■ムサコを名乗ると不幸になるのか

2019年10月、日本各地に被害をもたらした台風19号。武蔵小杉駅前のタワーマンションでは地下の電気系統が浸水し、停電や断水などの被害が起きた。「住みたい街」ランキングの上位に入るなどキラキラしたイメージの“ムサコ”。連日の報道やネット民たちの心ない中傷のおかげで、すっかり「残念な街」というレッテルを貼られた。

一方、こっちのムサコは閑散とする……。

そもそも、武蔵小杉は昔からキラキラした街ではなかった。近辺で育った住民は昨今のイメージに違和感を覚えていたようだ。同エリア出身のコラムニスト河崎環氏は自らを著書(※)の中で「ムサコネイティブ」と語り、かつての武蔵小杉を「NECや富士通、サントリーなどの大規模工場や研究所がある、どこか灰色の町」と表現。近年の進化については、「変わりゆく同級生を遠くから見守るような気持ち」「素朴だった同級生が激変して、マインドまでイケイケになったのを目の当たりにし、その違和感をどう処理していいのか戸惑う」と書いている。
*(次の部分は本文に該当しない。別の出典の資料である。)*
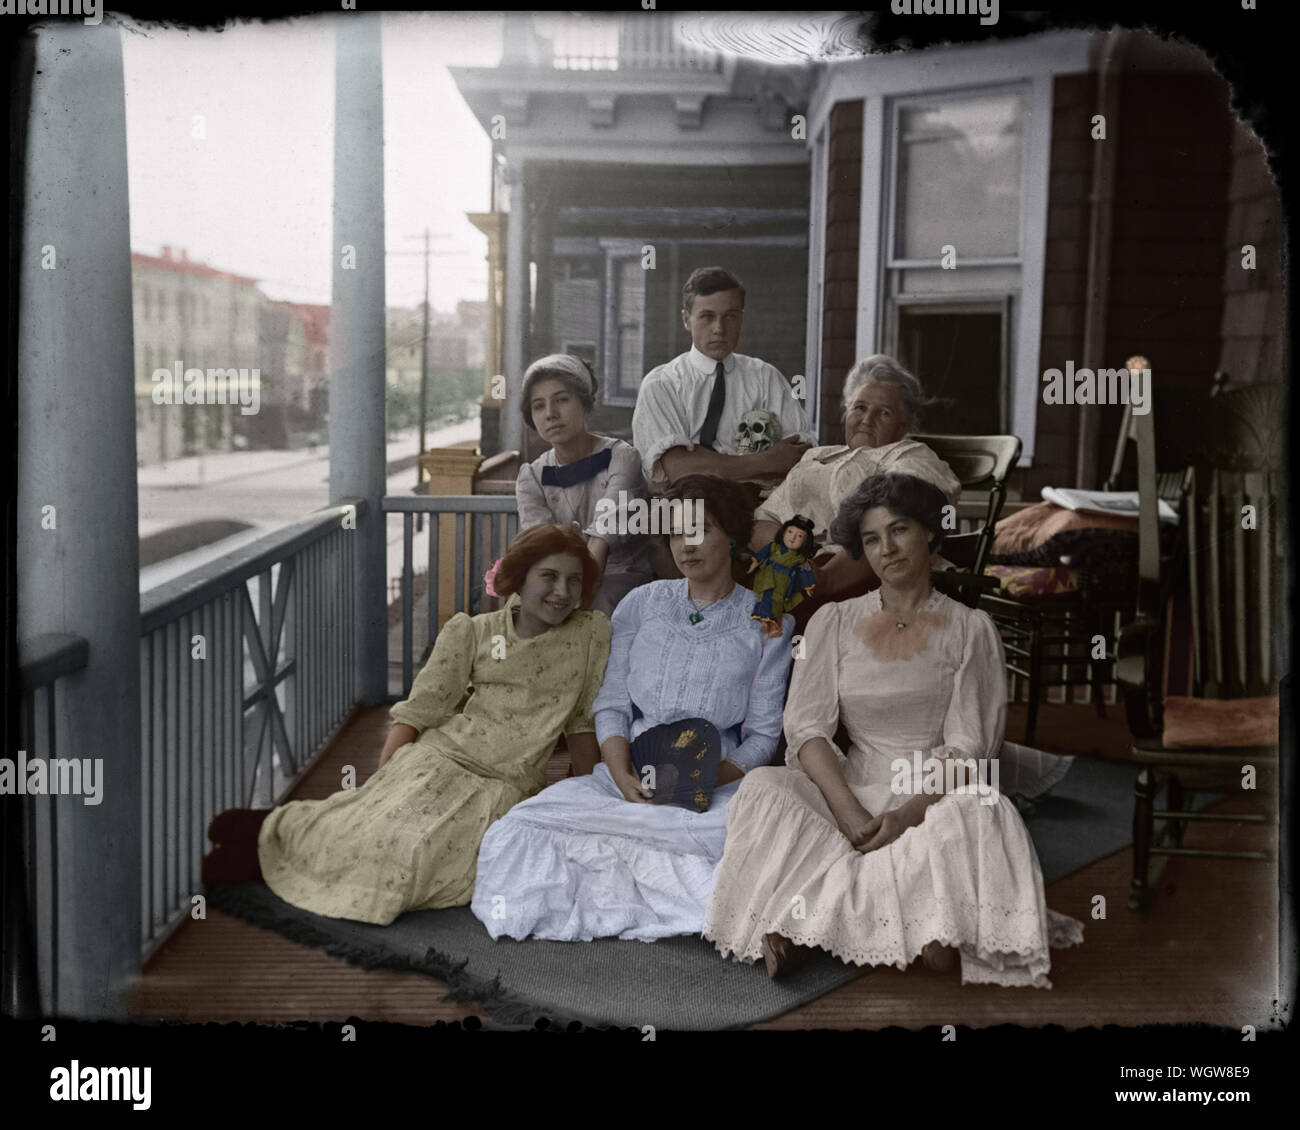 Family Portrait im Sommer Stadt Einstellung: eine Gruppe von Frauen und jungen Menschen, wahrscheinlich Student der Medizin, auf einem Balkon in einer Stadt nach Hause. Im Osten der USA, Anfang 1900. Stockfoto

さて、この騒動で激怒しているのは武蔵小杉住民だけではない。同じ「ムサコ」の愛称で親しまれる武蔵小山の住人も行き場のない怒りに震える。「今回のことで『ムサコ』という街のブランドの価値を下げた武蔵小杉。断じて許せません」と住民A子(35)は語る。

※河崎環著『オタク中年女子のすすめ』(プレジデント社)

東急目黒線沿いにある武蔵小山。東京都品川区・目黒区にまたがり、JR山手線の目黒へは2駅という便利な立地。目黒線は、地下鉄南北線と三田線と相互運転しており利便性も抜群。駅の東口からは全長800メートルの巨大な商店街があり、飲食店やスーパーなど約250の店が軒を連ねる。立地がよく買い物に不自由しないと、30代、40代からの人気が高まっている街だ。

■あの下水があふれた街でしょ?

「私がムサコに住んでいると言うと、『あの下水があふれた街でしょ?』と勘違いされることが多いです。テレビで『ムサコ』という名前を聞くたびに、わが街のことを言われているようで……。これまでイメージのいい街だったのに一気に地に落とされました。完全なとばっちりです」。A子は激怒する。

しかし皮肉にも武蔵小山は武蔵小杉と同じ運命をたどろうとしている。現在武蔵小山駅前では再開発が進行中だ。

「私が武蔵小山に引っ越してきた5年前は、いい意味で下町の感じが残っていました。駅を出るとすぐ、炭火焼の匂いを漂わせる焼き鳥屋があり、住民たちの憩いの場でした。50年以上続く路地裏の飲食店街や昼間から酒盛りをしているオジサンも多かった。気取らない街並みを気に入っていました」

しかし数年前から、古びた情緒的な駅前エリアは取り壊され、再開発が始まった。目玉は武蔵小山初のタワマン「パークシティ武蔵小山 ザ タワー」の建設である。コンセプトは「日本一、感じのいいタワマンへ。」。

「『日本一、感じのいい』なんて売り出し文句を聞いたときは、思わず鼻で笑っていましたよ。『感じのいい』とコンセプトにしているあたり、裏を返せばタワマンが嫌われていることを物語っている。まるで武蔵小杉のように、キラキラしたムサコのイメージを求めて、いけ好かない意識高い系が集うと思うとぞっとします」

マンションの低層階にはショッピングモールが完成し、19年11月から営業を開始した。いわばムサコの新しい顔のはずなのだが、しかしながら、いまだにテナントが半分程度しか埋まっていない。ショップ案内板を見ると47ある枠に店舗はたった24だ(2020年2月3日現在)。非常に寂しい。

タワマンの入居開始時期は20年4月。ここで懸念されるのが通勤ラッシュの悪化である。このマンションは総戸数624。たとえば各部屋の共働き夫婦が通勤することになれば、単純計算で1200人は乗客が増える。ただでさえ目黒線の混雑率は高い。武蔵小山の1つとなり駅の不動前から目黒の間は19年度174%だ。今の武蔵小山駅でも、車両に入りきれない乗客を駅係員が押し込む姿は日常茶飯事。タワマン入居が始まるとそれ以上の混雑は必至である。武蔵小杉と同じ轍を踏んでいるようだと語るA子。「ムサコ」を名乗る街は不幸になる運命なのか……。